Not willing to give up, I pressed onward. I thought I might see an open spot or two on the way where it wasn't so windy and the snow was not blasting in all directions. No such luck. As I walked further, the conditions were getting worse instead of better and the distance I could see ahead of me was getting noticeably shorter with every few footsteps I took.

By the time I got to Sheridan Road (the last street before the entrance to the park adjacent to the beach), all I could see was blowing snow--waves of it, not just flakes--and dim lights all around. Those were the reflections of the street lights bouncing all around in the snowy air.

Sheridan Road is usually a heavily traveled thoroughfare. Last night, however, I saw only one car and it was crawling down the street; no doubt, the driver was afraid to go any faster because he likely couldn't see anything! I couldn't even see to the other side of the street.

That was the point at which I decided to turn back. I figured the wind would even be worse out on the beach and I wouldn't be able to see much of anything. Another serious concern was that, even if I got to the beach, it was very possible some huge wave could hit me and knock me down before I even saw it coming. So, with much disappointment, I turned around and trudged through the ever-deepening snow back to my home. It felt good to enter my nice, toasty warm apartment.

So much for Steve's big adventure!

Monday, January 24, 2011

Working Hard to Get Caught Up

Hey, what's going on here? Is this becoming a blog updated once a month? No, that's not the plan--not the long-term, visionary plan, anyway.

I do have lots of things to post here; I just need to manage my time well enough to do it. Since this blog is about the practice of law and my life, in addition to boxing, let me tell you that the law and life parts have been kind of insane lately. My mother was hospitalized for a few weeks and now she is in a rehabilitation and therapy facility. She's doing much better, and hopefully she'll be able to get home soon. I'm trying to be a good son and support both my mom and my dad (who is on his own with their little dog), but sometimes I really wonder. I wonder if I am offering much of value, despite my efforts. I'm also wondering about my ability to overwhelm myself with activity. I got up very early today to get a head start on the day and it's now 11:30 am, and I'm still scrambling and only about 10% done with my to-do list for today.

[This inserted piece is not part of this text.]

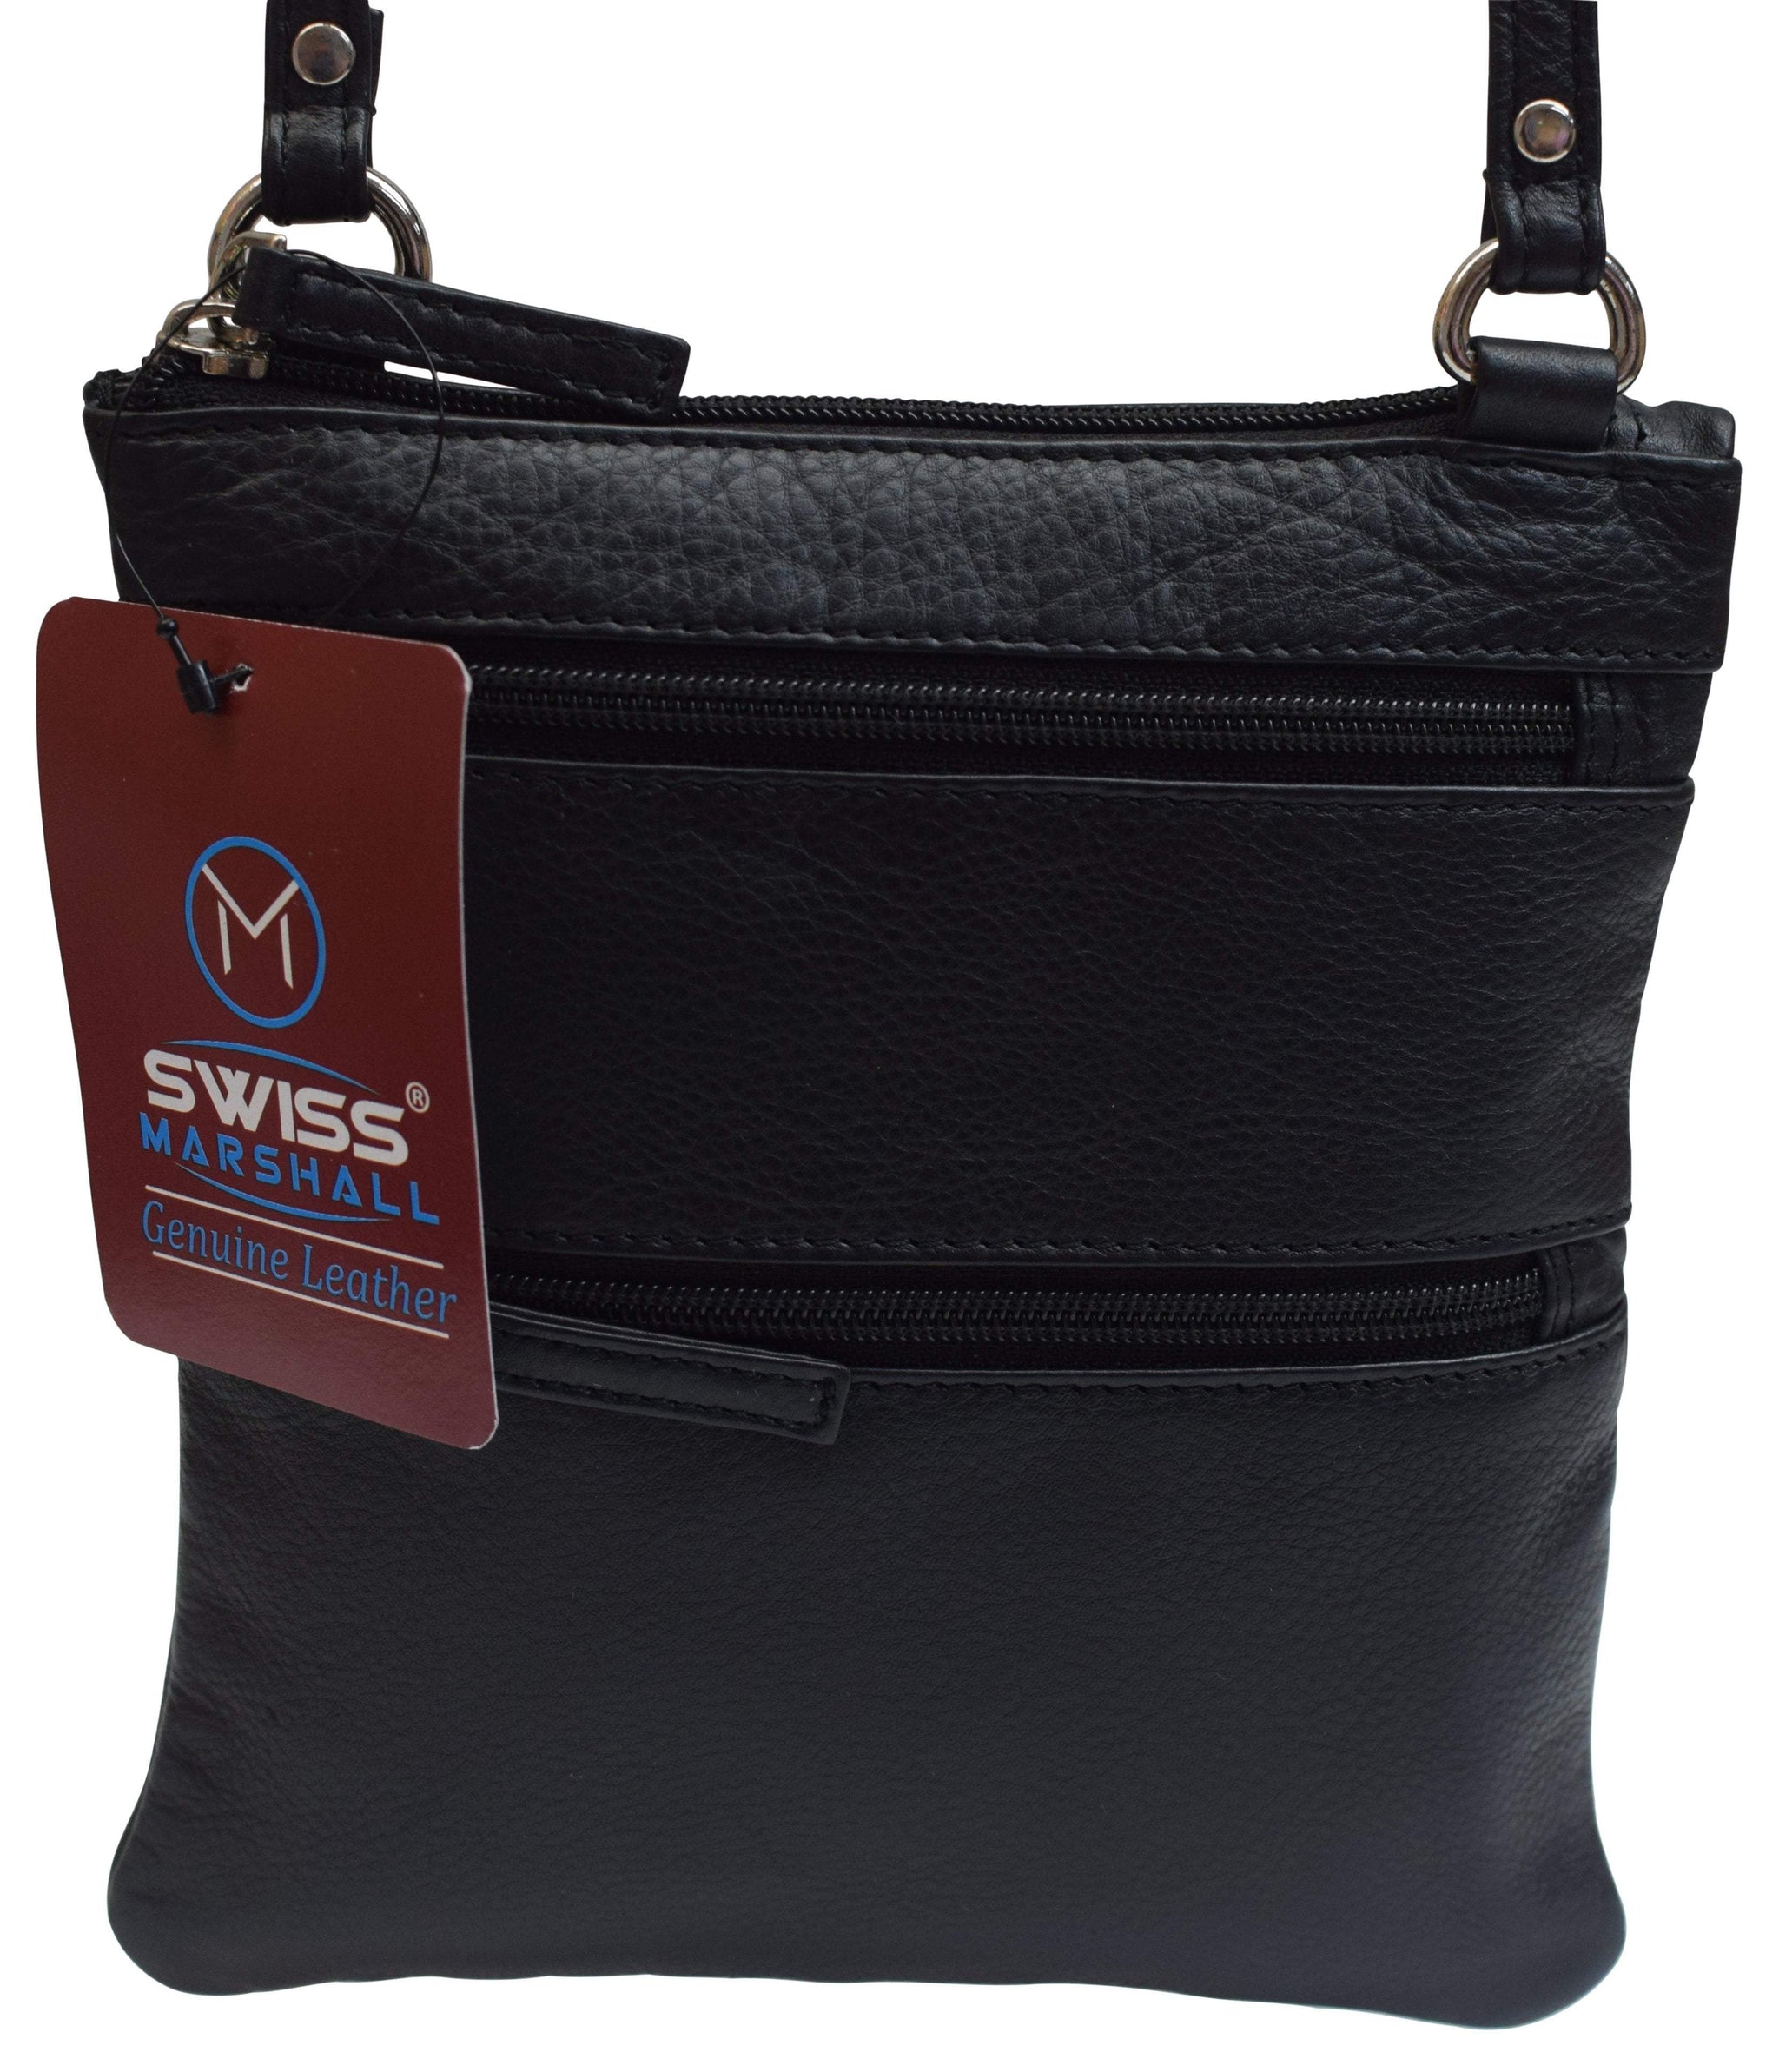 menswallet - / Womens Leather Handbags Shoulder Bag Small Bags Luxury  Designer Crossbody Purses for Ladies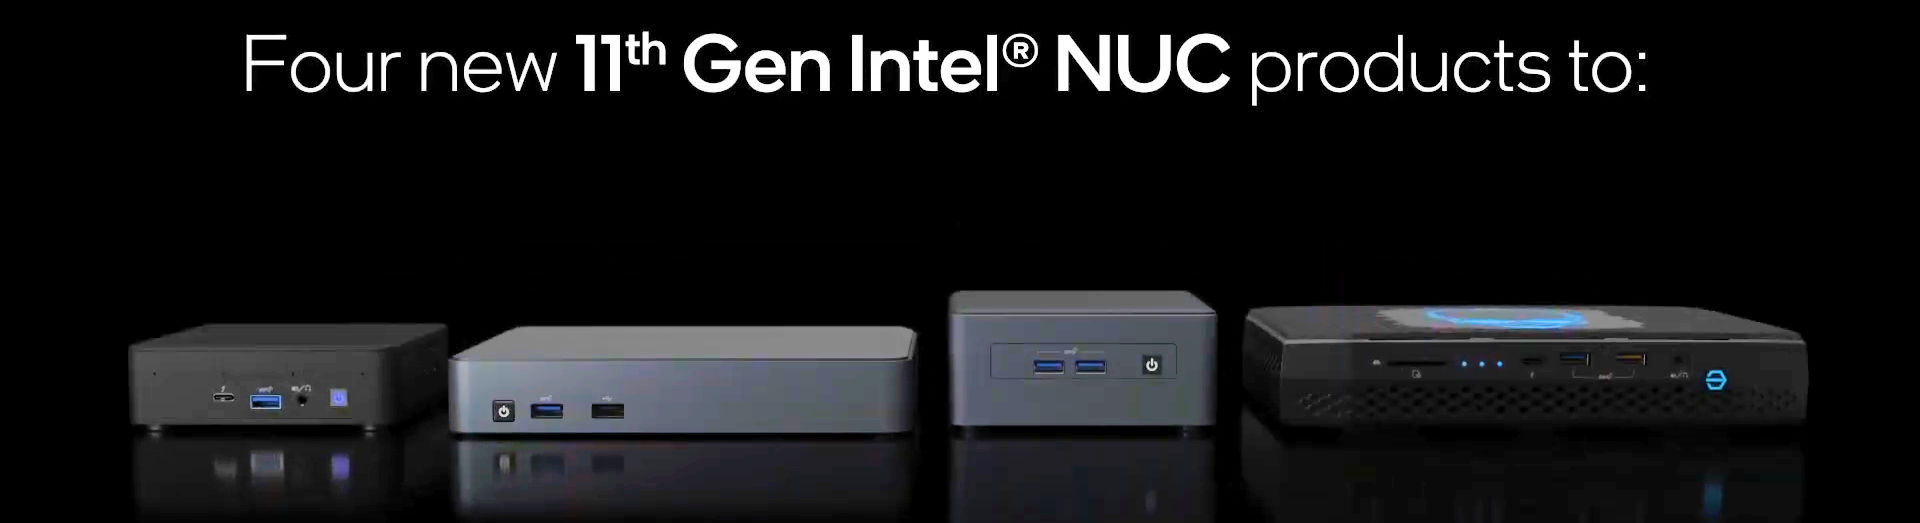  Intel Mini PC, Intel NUC 11 with Newest 11th Gen Core

Anyway, that's the quick update. I'm needing to bring more hustle to bear on my end-of-January marketing effort for my law firm. Hopefully, that will yield a considerable harvest of lucrative projects. In the short term, the effects of the recession have been dragging me down, like they are doing to everyone else (except the super-fat-cats who seem always to land on their feet, despite the chaos they introduce into the economy and the harm they do to many people and businesses--but that's a separate rant). It's amazing how hard a man can work and not be making any money, at least not at the moment.

I need to stop now and get back to work. I'm hoping to get more substantive content posted later today. It's good stuff. For the moment, let remember what my meditation practice has taught me.

Breathing in, I know that I am breathing in.
Breathing out, I know that I am breathing out.

Breathing in, I know that I am experiencing a lot of stress now.
Breathing in, I smile at my stress.

OK, that's best effort. The smile is only about a one-quarter smile--no Cheshire-cat-grin on this handsome mug yet!--but I'm working on it.